A libertarian-leaning columnist who applies sharp, contrarian logic to debates on economics, business, and public policy.
Megan McArdle carved a distinct niche in political journalism by questioning conventional wisdom with a data-driven, often libertarian perspective. Born in 1973, she worked in the private sector before turning to blogging, where her clear, argumentative style on sites like The Daily Beast and The Atlantic gained a devoted readership. Now a columnist for The Washington Post, she dissects topics from healthcare and financial crises to technology and culture, frequently challenging both left and right orthodoxies. Her writing is less about partisan allegiance and more about the practical consequences of policy, informed by a deep belief in market forces and individual choice. McArdle's influence lies in her ability to frame complex economic issues in accessible, provocative terms that spark debate beyond the op-ed page.
1965–1980
The latchkey kids. Raised during divorce, recession, and the end of the Cold War. Skeptical, self-reliant, media-literate. They invented indie culture, grunge, and the early internet — then watched the Boomers take credit.

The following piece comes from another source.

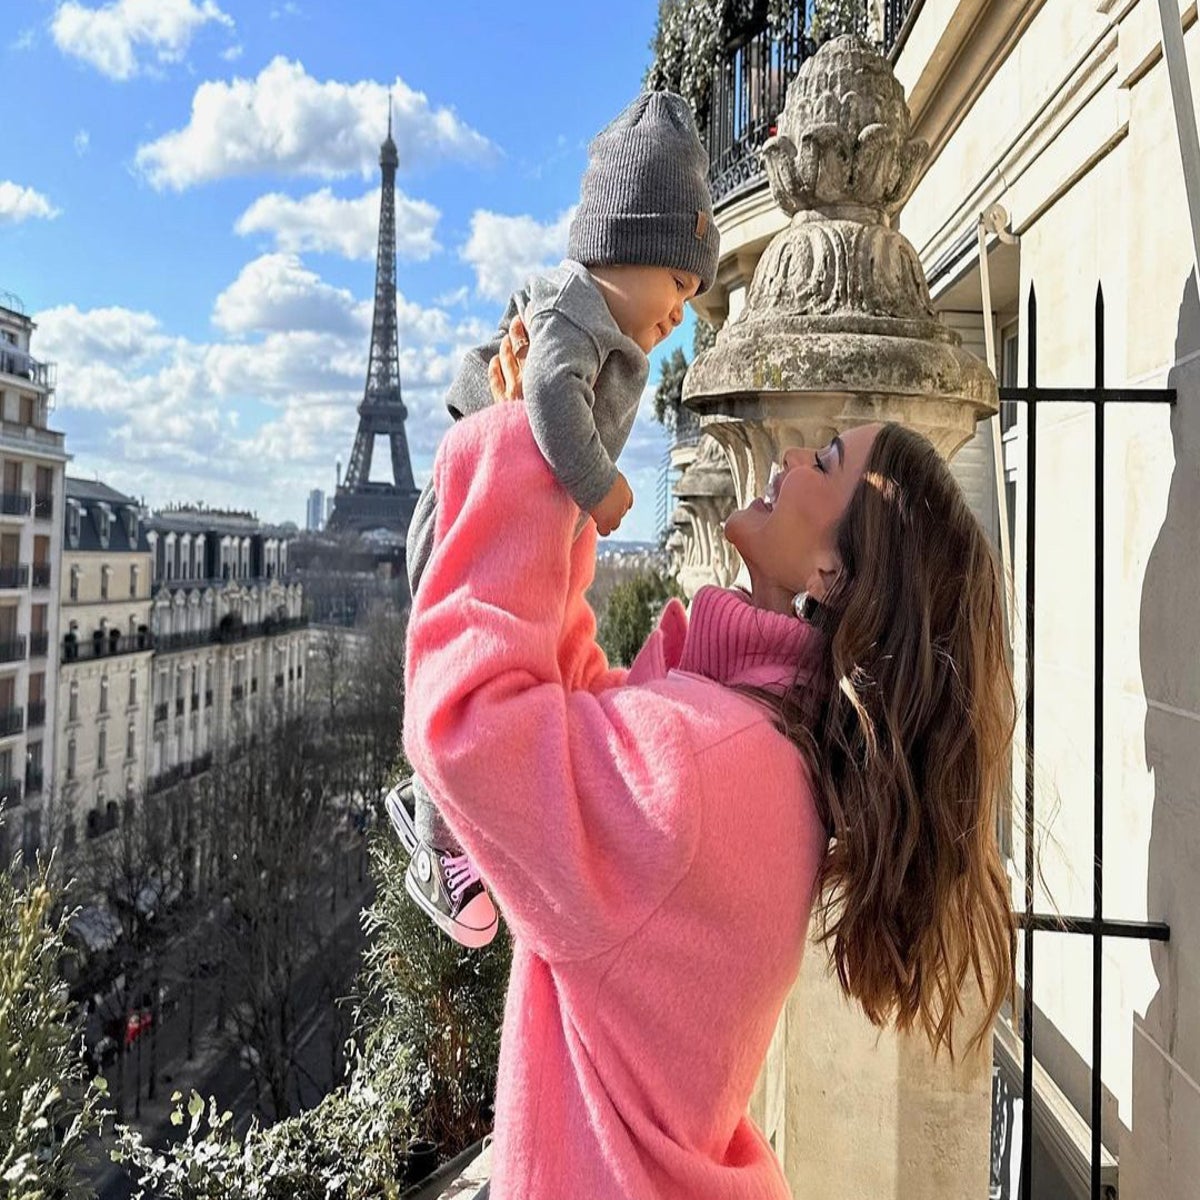 Influencer Camila Coelho slammed for posing with son on Paris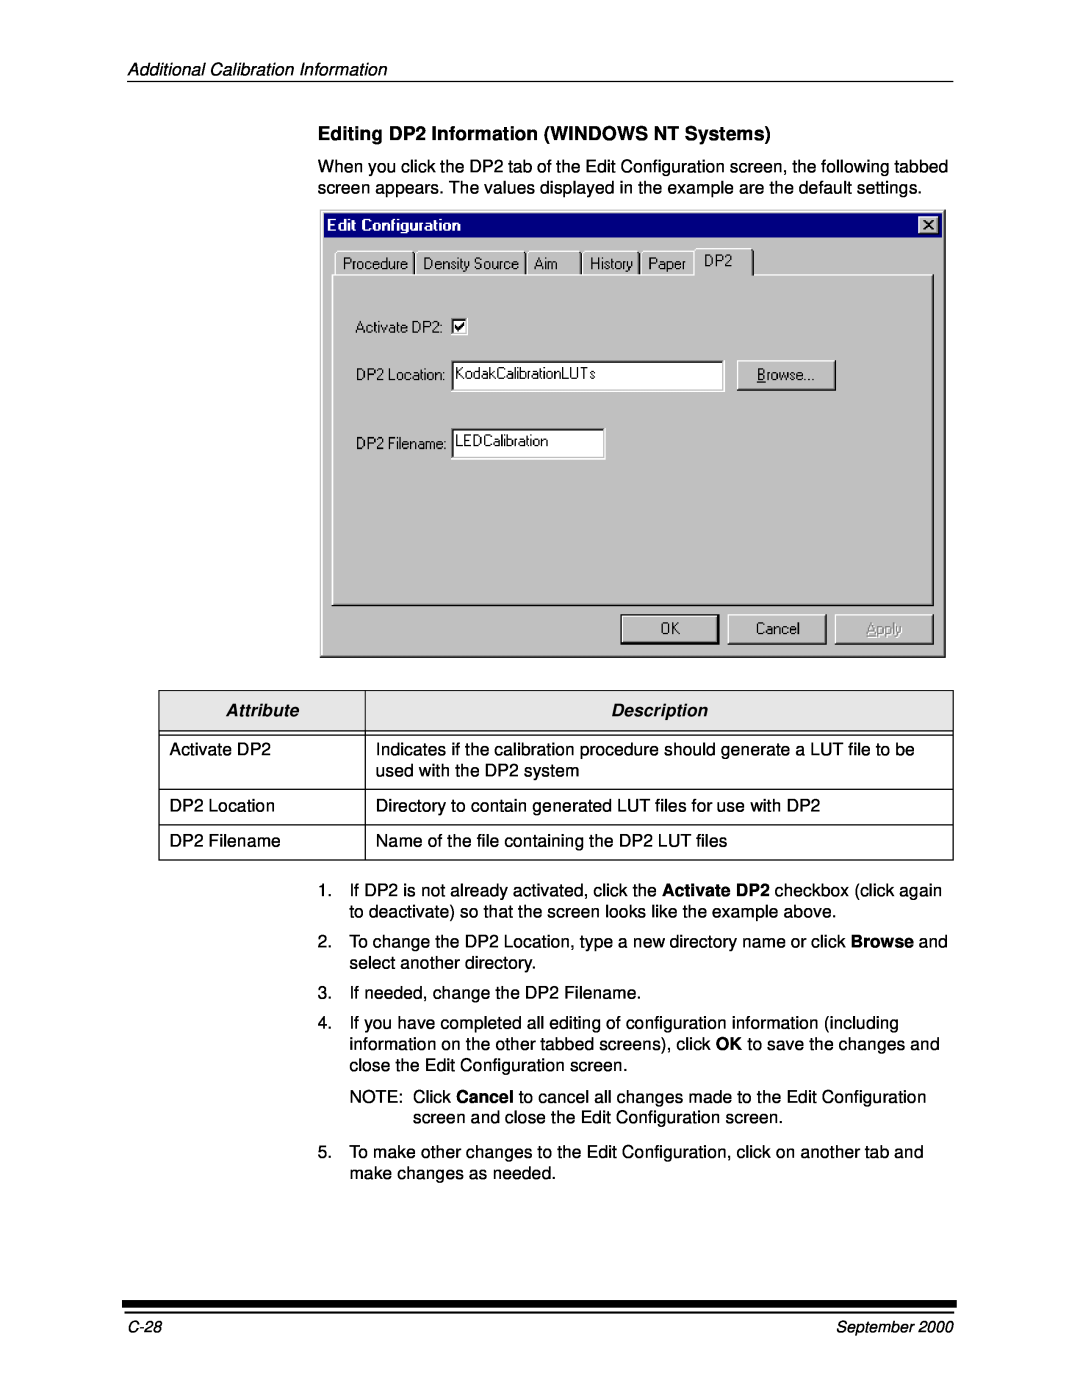 Kodak 20R manual Editing DP2 Information WINDOWS NT Systems, Additional Calibration Information

Megan was born in 1973, placing them squarely in the Generation X. The events that shaped this generation — economic uncertainty, the end of the Cold War, and the rise of personal computing — shaped the world they entered and the choices available to them.
The biggest hits of 1973
#1 Movie
The Exorcist
Best Picture
The Sting
#1 TV Show
All in the Family
The world at every milestone
US withdraws from Vietnam; Roe v. Wade decided
First test-tube baby born
Challenger disaster; Chernobyl nuclear meltdown
Berlin Wall falls; Tiananmen Square protests
Soviet Union dissolves; World Wide Web goes public
Nelson Mandela elected president of South Africa
US invades Iraq; Human Genome Project completed
Edward Snowden reveals NSA surveillance programs
ChatGPT goes mainstream; Israel-Hamas war begins
She holds an MBA from the University of Chicago Booth School of Business.
She worked as a consultant for a time before becoming a full-time writer.
She is married to journalist Peter Suderman, who is also a policy writer.
She was once a vice president at the consulting firm Cantor Fitzgerald.
“The problem is that when we try to make everyone secure against all possible risks, we usually end up reducing the risks that are easiest to manage, while increasing the ones that are hardest to see.”